Ground No.5 & 6 of Revenue’s appeal

24. The AO made a disallowance of Rs.22,06,711/- under section 36(1)(va) of the Act on the ground that the amount in question being employees contribution to PF has been paid late after the due date as per the provisions of the PF Act. However, the Ld. CIT(A) decided the issue by returning following findings:

“19. The eighth ground of appeal is against the disallowance by the AO of the belated payment of employees contribution to EPF of Rs.22,06,711/-. The AO had disallowed such employees contribution to PF on the ground that the same had been paid beyond the due dates mentioned in the provisions of the Provident Fund Act. However, in this context, it is seen that the second proviso to section 43B of the Act that had mandated such a condition had been deleted by the Finance Act, 2003 with effect from 01.04.2004. The first proviso to section 43B had also been appropriately modified by the same Finance Act. Such condition having been removed from the statute, insistence of the AO in the meeting of that condition by the assessee would no longer be valid for the period under consideration. It is also seen that the Hon’ble ITAT in the assessee’s own case for A.Y.2005-06 had deleted a similar addition made in that year by placing reliance on the Apex Court decision in the case of CIT vs Vinay Cement Ltd. (213 CTR 68). The concerned payment had been made by the assessee | well before the due date of filing of return of this year as permissible under the existing provisions of section 43B, Accordingly, disallowance by the AO of the belated payments of EPF is found to be not justified as per the statute relevant to the period presently under consideration. The AQ is hereby directed to delete this disallowance made in the assessment order and the appeal filed by the assessee on this ground is accordingly allowed.”
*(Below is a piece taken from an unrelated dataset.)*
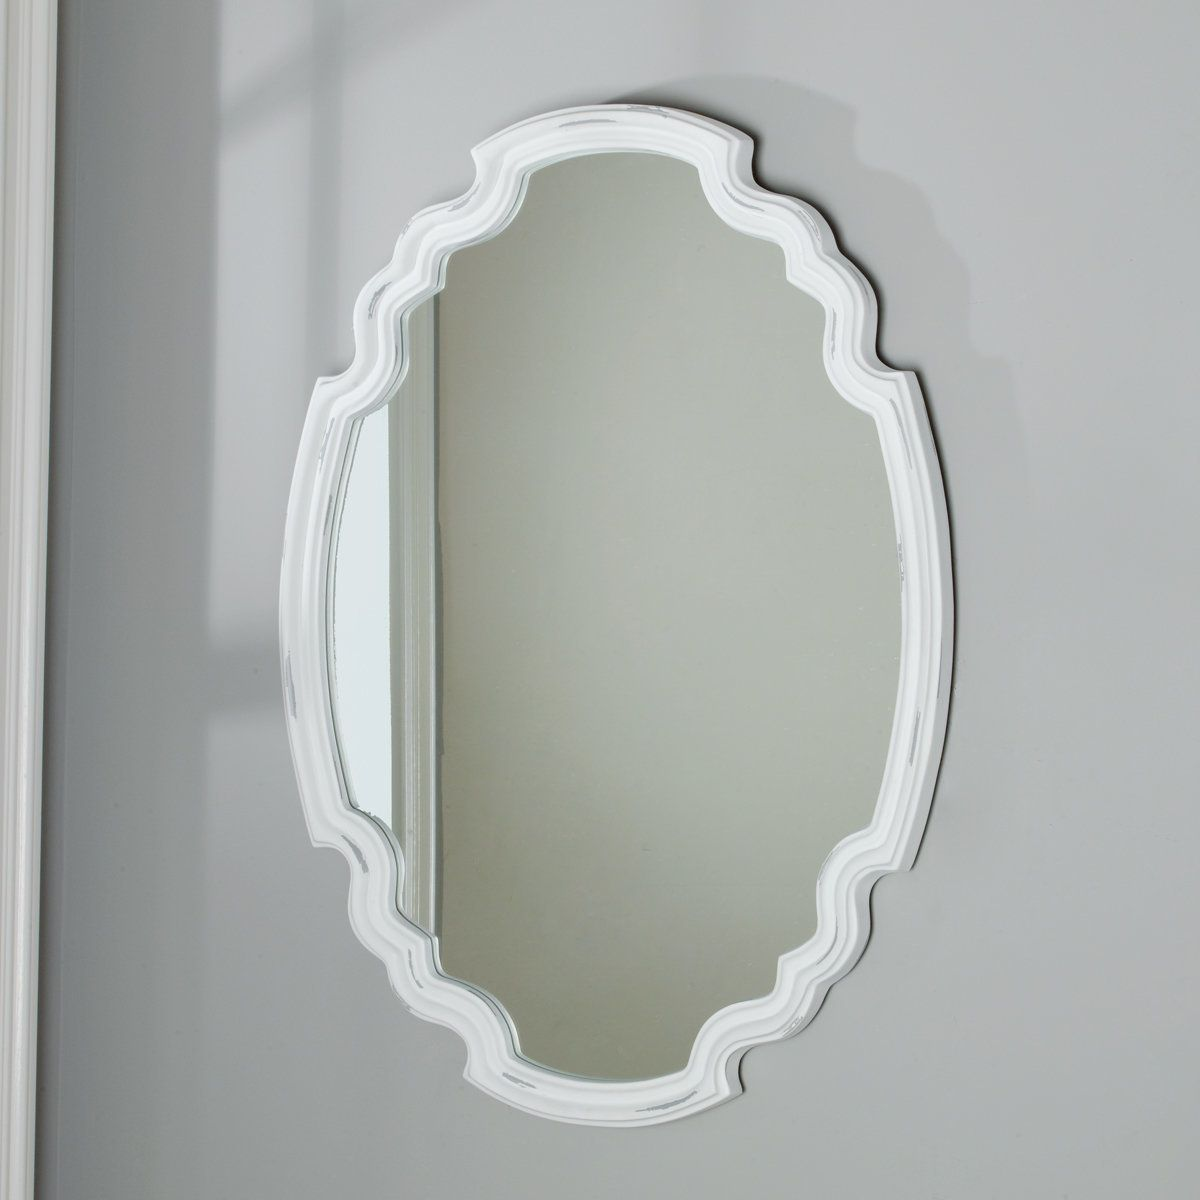 Minimalist Shield Mirror Mirror Metal Mirror Rustic Bathroom Mirrors [ 1200 x 1200 Pixel ]

25. We have perused the findings returned by the Ld. CIT(A) which need no inference as the assessee has deposited the employees contribution prior to the filing of the income tax return. In A.Y. 2005-06 the co-ordinate Bench of the Tribunal in assessee’s own case deleted the same addition by relying upon the decision rendered by Hon’ble Apex Court in case of CIT vs. Vineet Cement Ltd. 213 ITR 68. Hon’ble Bombay High Court in case of CIT vs. Ghatge Patil Transports Ltd. cited as 368 ITR 749 also decided the identical issue in favour of the assessee by upholding the Tribunal order that payment of employees contribution on account of PF before filing of income tax return is allowable deduction and the Hon’ble Supreme Court has also decided the identical issue in case of CIT v. Alom Extrusions Ltd. cited as 319 ITR 306. So in view of the matter, we find no illegality or perversity in the impugned findings delivered by the Ld. CIT(A), hence ground No.5 & 6 are determined against the Revenue.

26. In view of what has been discussed above the appeal and the cross objection filed by the assessee are partly allowed for statistical purposes. The appeal filed by the Revenue is also partly allowed for statistical purposes.

Order pronounced in the open court on 16.06.2022.